The following is an example of an image with fire in it and how the perceptron-based fire color classifier would label the image pixels:

At first glance you might say that fire color classification fails miserably because it tends to label lots of non fire pixels as being fire. However, the goal of this first classifier was to get a very high true positive rate and a low false negative rate, irregardless of the false positive rate. This is because this classifier will be used in concert with other feature detection algorithms such as motion and maybe texture. These additional classification algorithms will help to reduce the false positive rate.

Lastly, you can see the new color palettes of the positive (fire) data and negative (non-fire) data:

Saturday, January 24, 2009

No luck with Perceptrons...yet

Well it turns out there were a few bugs/problems with my perceptron code. First off there was a problem reading in the input data which threw off the z-scaling. Then the z-scaling had some overflow problems which I fixed. Lastly, the initial weights were being set badly causing the perceptron to suck. I finally got it to work correctly on XOR.
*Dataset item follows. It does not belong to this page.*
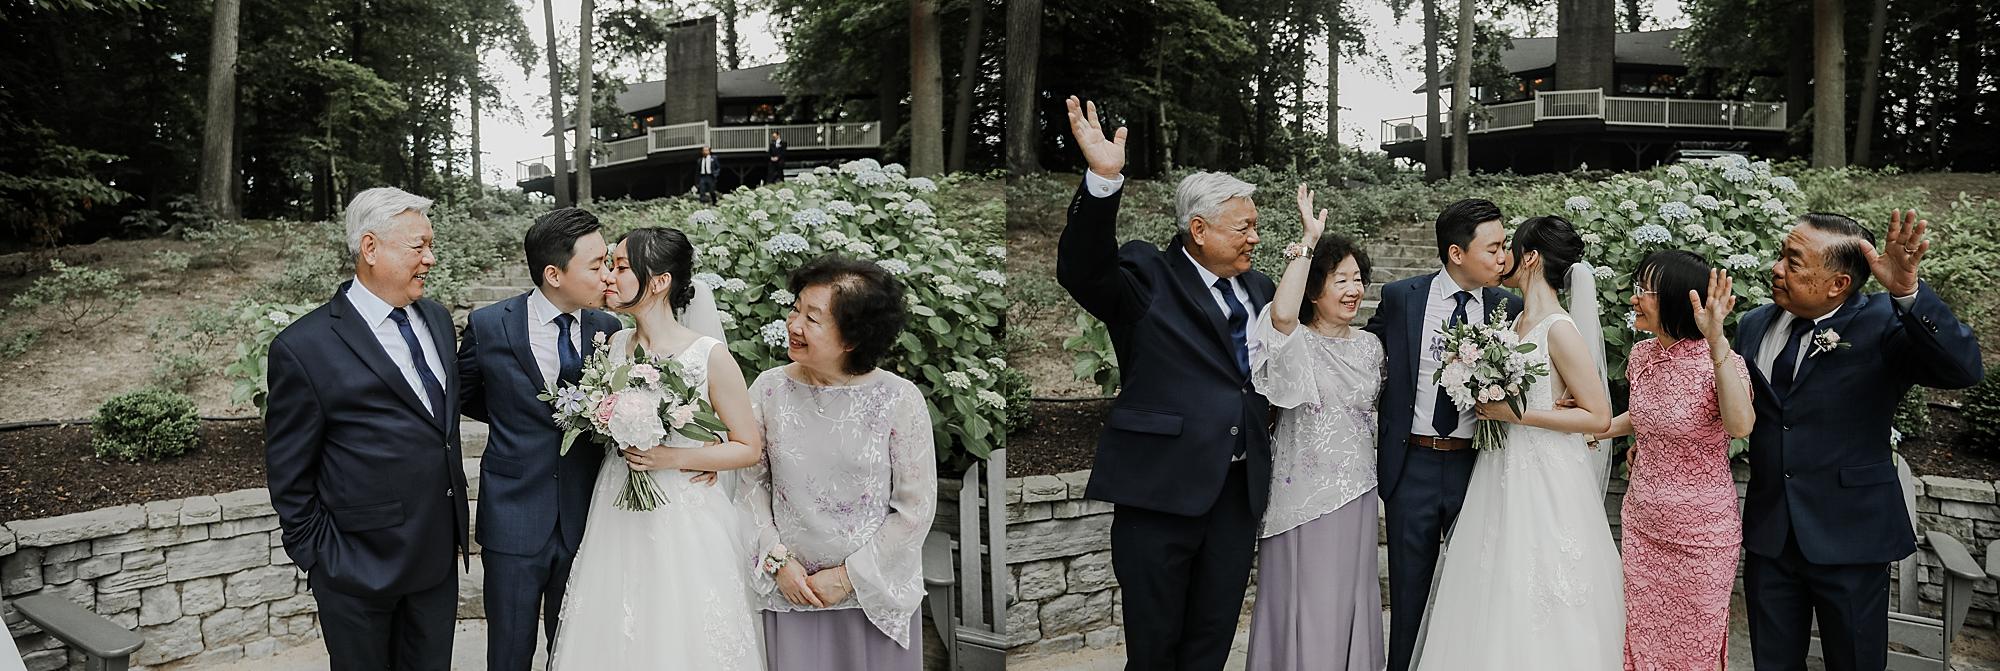 at-home wedding
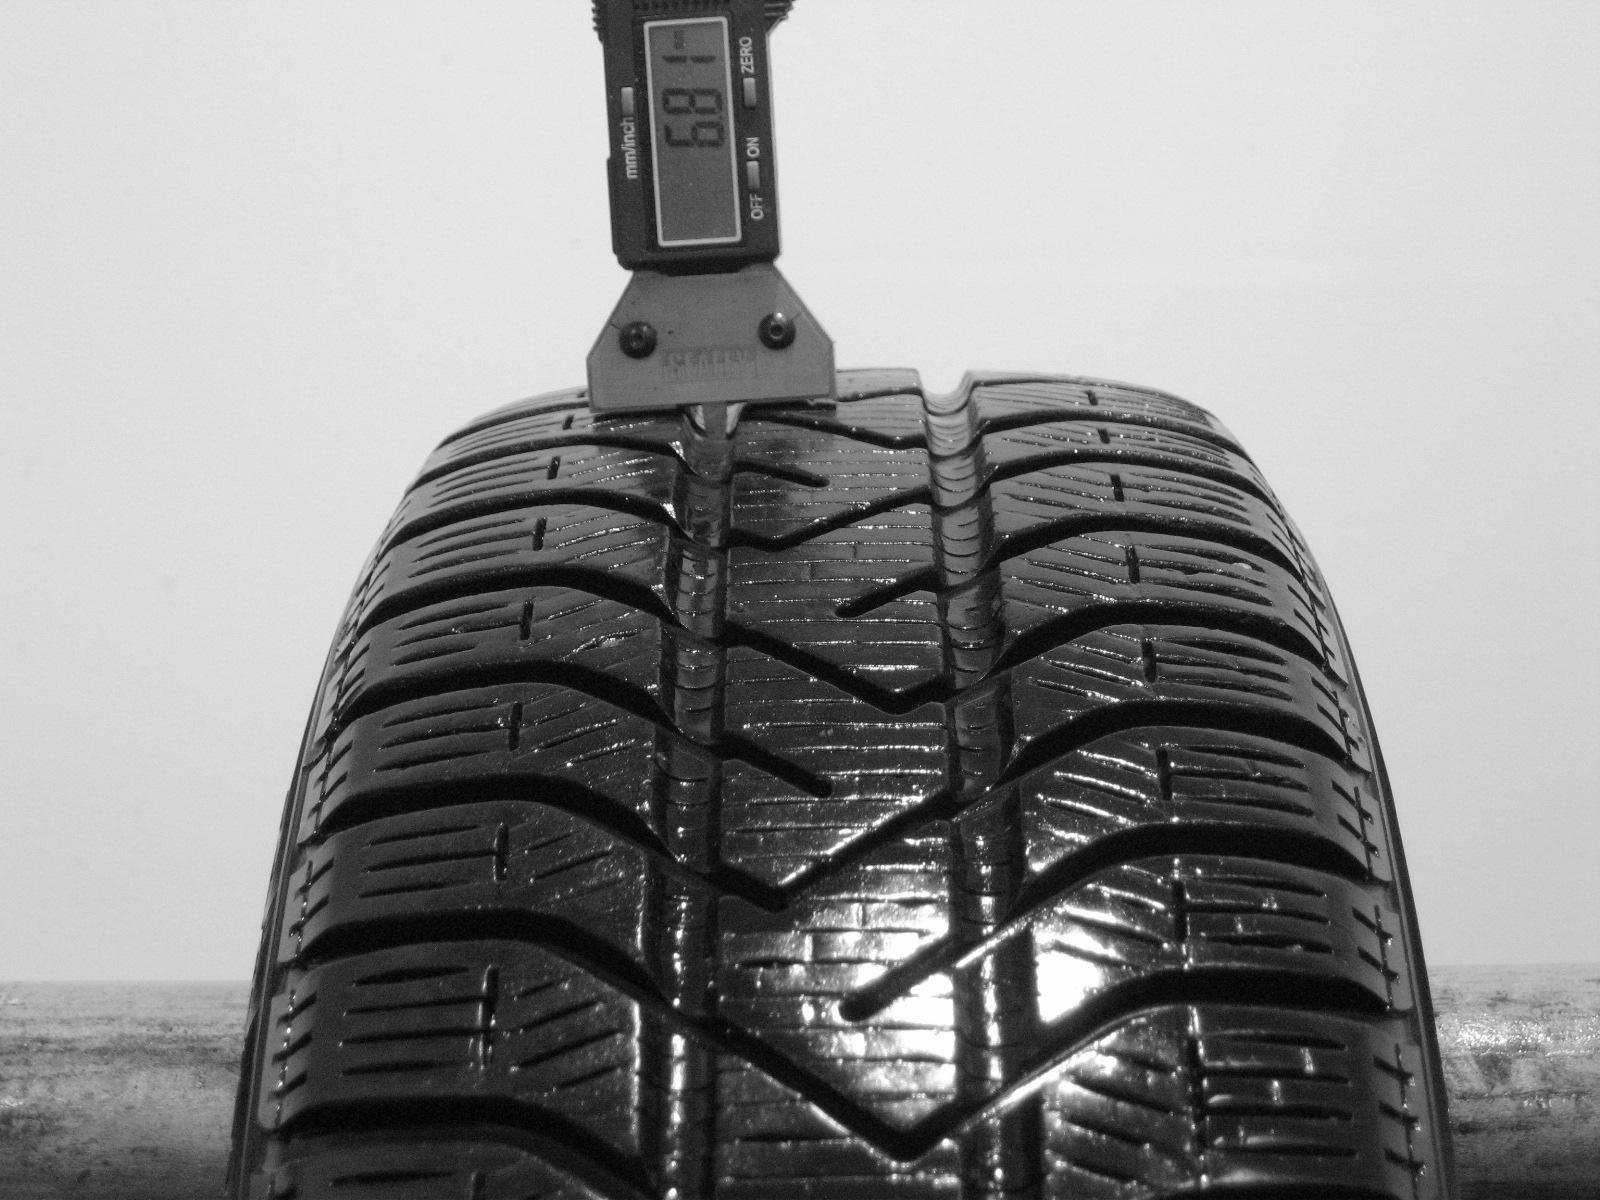 Použité-Pneu-Bazar - 185/65 R14 PIRELLI WINTER 190 SNOWCONTROL serie II -kusovka-rezerva 3mm

Unfortunately when I tried to get it to learn the difference between fire and non-fire pixels it could only get an MSE of .18 which is a big failure. I suspect there's much too much similarity and overlap between fire pixels and non fire pixels, especially in the near white color range. I'm going to try and manipulate the training data to reduce this overlap to see if that helps.

If that doesn't work then I'm going to try seeing if learning HSV channels or L*a*b* channels will work bettern than the RGB channels that I've tried so far.